Got it? But that's not all. A bribe can also mean offers and promises - not just actual payments. And illegal payments are not limited to cash. Bribes can be considered if your company offers children's tuition, bogus "business" or "training" trips, which incidentally include fun-filled, expenses-paid weekends in places such as Las Vegas, etc. Also excessive or lavish wining and dining of foreign officials can eventually earn you special, adrenalin-rich sessions with your legal counsel.

 

Okay, if you think about it, the above may make a lot of sense. But how about your partners and sales channels? Well, there is some bad news. The FCPA also prohibits indirect corrupt payments through third party intermediaries, such as agents, distributors, consultants, independent contractors, representatives, provided your company authorized payments or "knew" of illicit payment possibly being made by a third party intermediary.

 

And guess what? The "don't ask, don't tell" strategy won't cut it as a legal defense if it is discovered that your local distributor was routinely bribing and not bothering to report it to you, since you had made it a practice not to pay attention. That is, "the head in the sand" approach to corruption avoidance is just about guaranteed to be thrown out of the window by the US Department of Justice ― particularly if there was a reasonable chance that you were aware of a high probability of money being passed under the table, in white envelopes, etc. and entering foreign officials' pockets.

 

Still a legal defense can be built around a lack of corrupt intent. For example, giving money at an official's wedding or funeral is not likely to raise suspicions, so long as the amount is in keeping with local traditions and there is no intent to get business as a result of that donation. On the other hand, giving or promising money, etc. with the intent of getting business - well, that can land you in jail.

 

So, you might think, "the above is well and good for those poor chumps who have to deal with government officials, but it's not my concern since I deal only in the private sector." Well, my friend, dream on. While indeed the genesis of the FCPA may have focused on those companies dealing with foreign governments, thanks to creative interpretations of the U.S. Travel Act by the US Department Of Justice (DOJ), any bribe that is technically illegal by local governments can enable the US Feds to go after you.

 

But, the same thinking can actually work as your defense. For example, if a payment is specifically permitted by local law, then you are off the hook regardless if you are dealing with a private or public sector transaction.
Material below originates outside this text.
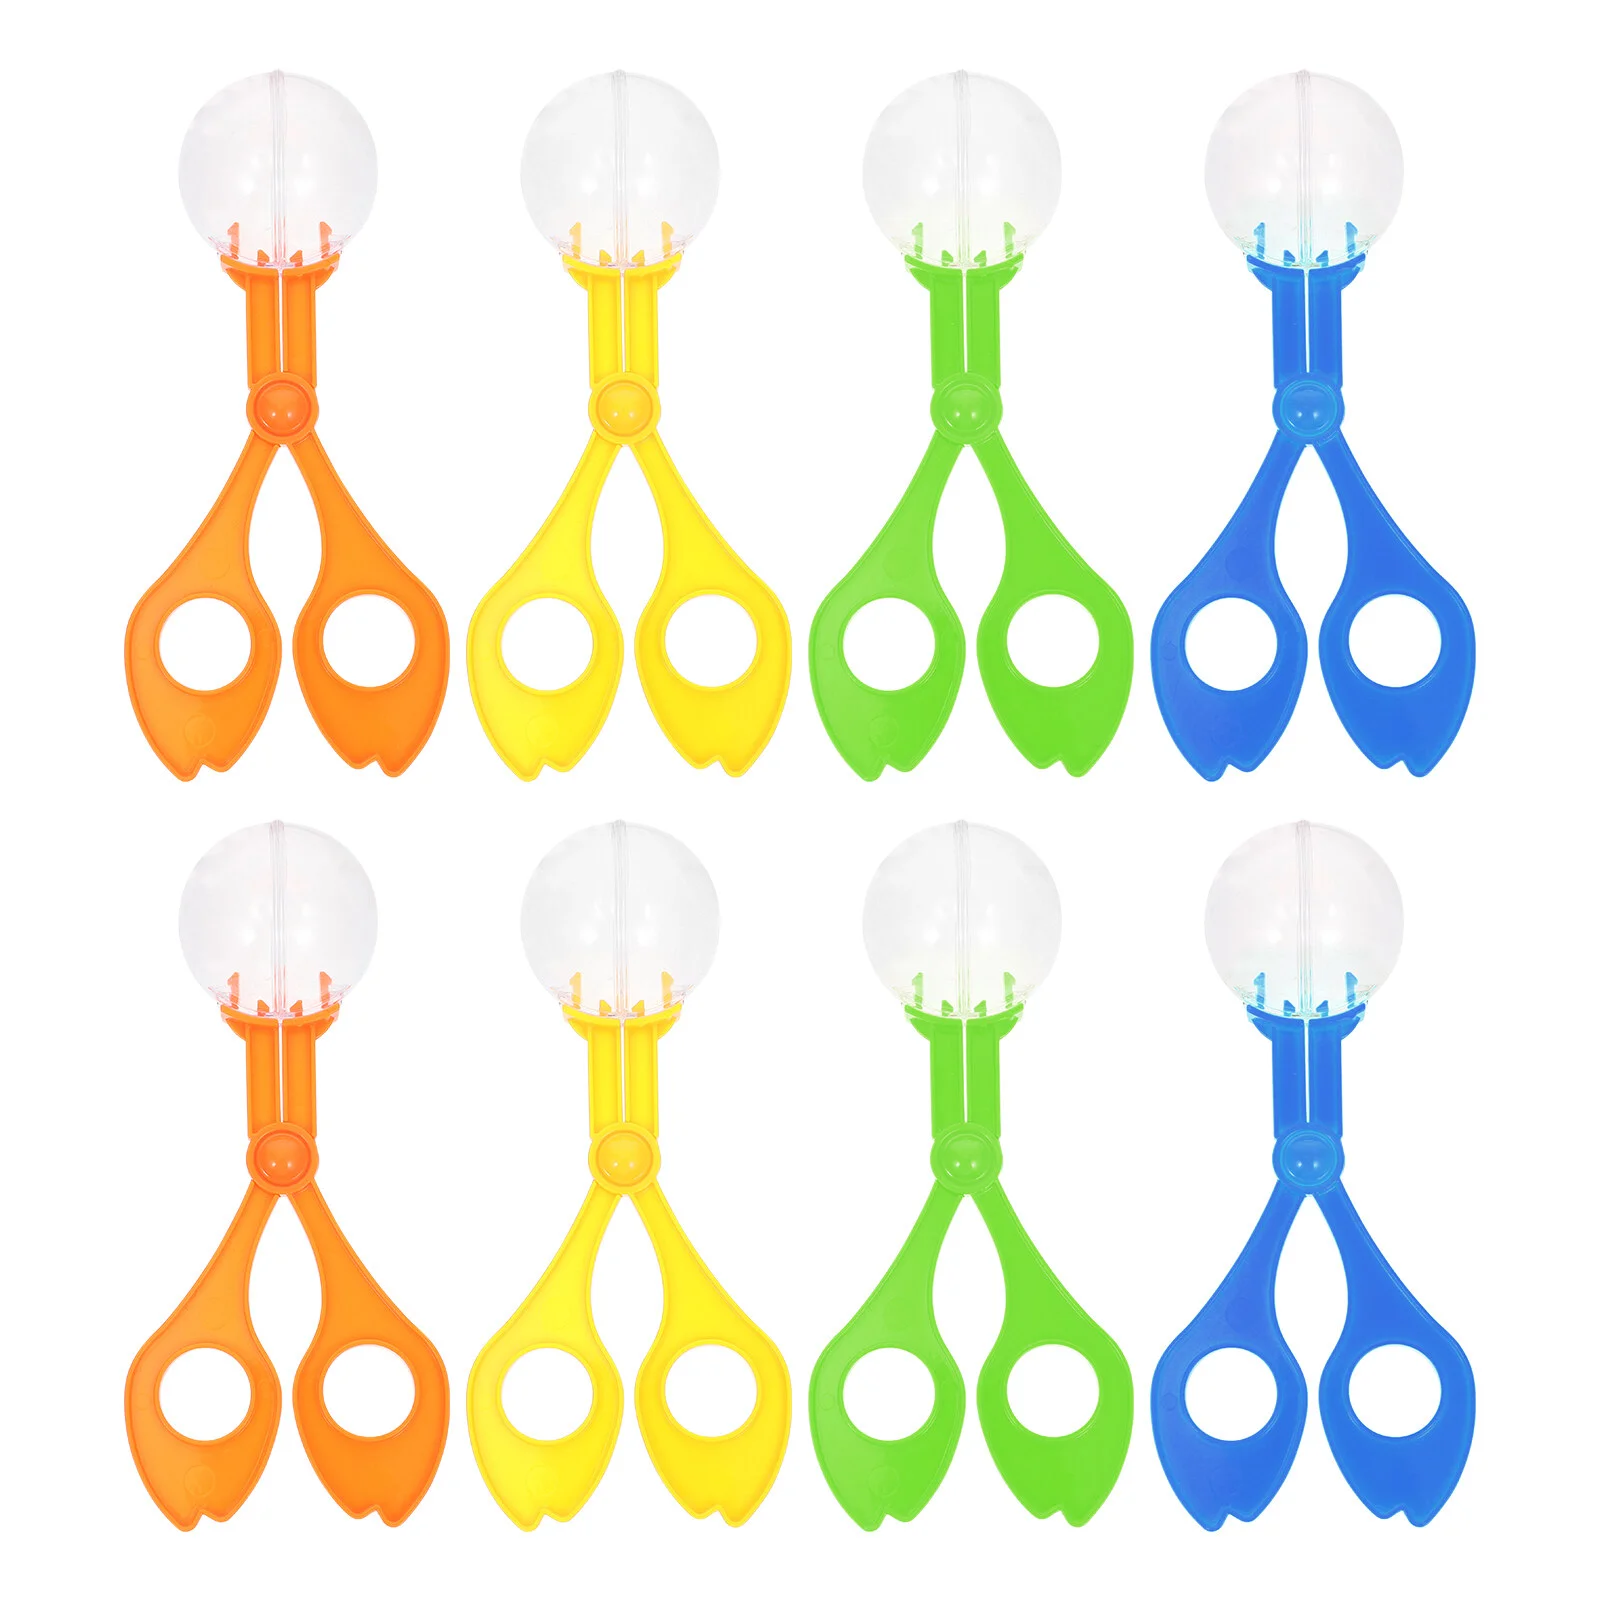 

8 Pcs Bug Trap Outdoor Toys Catcher Kid Used Scissors Container Practical Insect Trapping Kit Exploring Plastic Clamp Child

And, here is some other good news: the FCPA specifically permits payment to officials to facilitate payments so long as other anti-bribery provisions are not violated. Also, if your payment meets all the criteria for a violation of the anti-bribery provisions, but was a "reasonable and bona fide business expense, you may have a solid legal defense.

 

Anyway, there is not enough space in a newspaper to properly cover this topic. But I hope I have given you some insight as to how complicated this matter can become and how your company could be unknowingly be walking in a major, legal mine field. Legal compliance, of course, requires a great deal more than just reading newspaper columns. So, if your operation does not already have in place policies and procedures dealing with FCPA or home country and Korean anti-corruption legal compliance, it may be past due for you to spend the time and money to invest in some solid legal counsel.

 

AmCham's Legal Affairs Committee did the community a good service by sponsoring July's luncheon. But it's obviously up to each company to ensure ongoing compliance. The FCPA (and like laws) have become more far-reaching and are now more punitive than ever.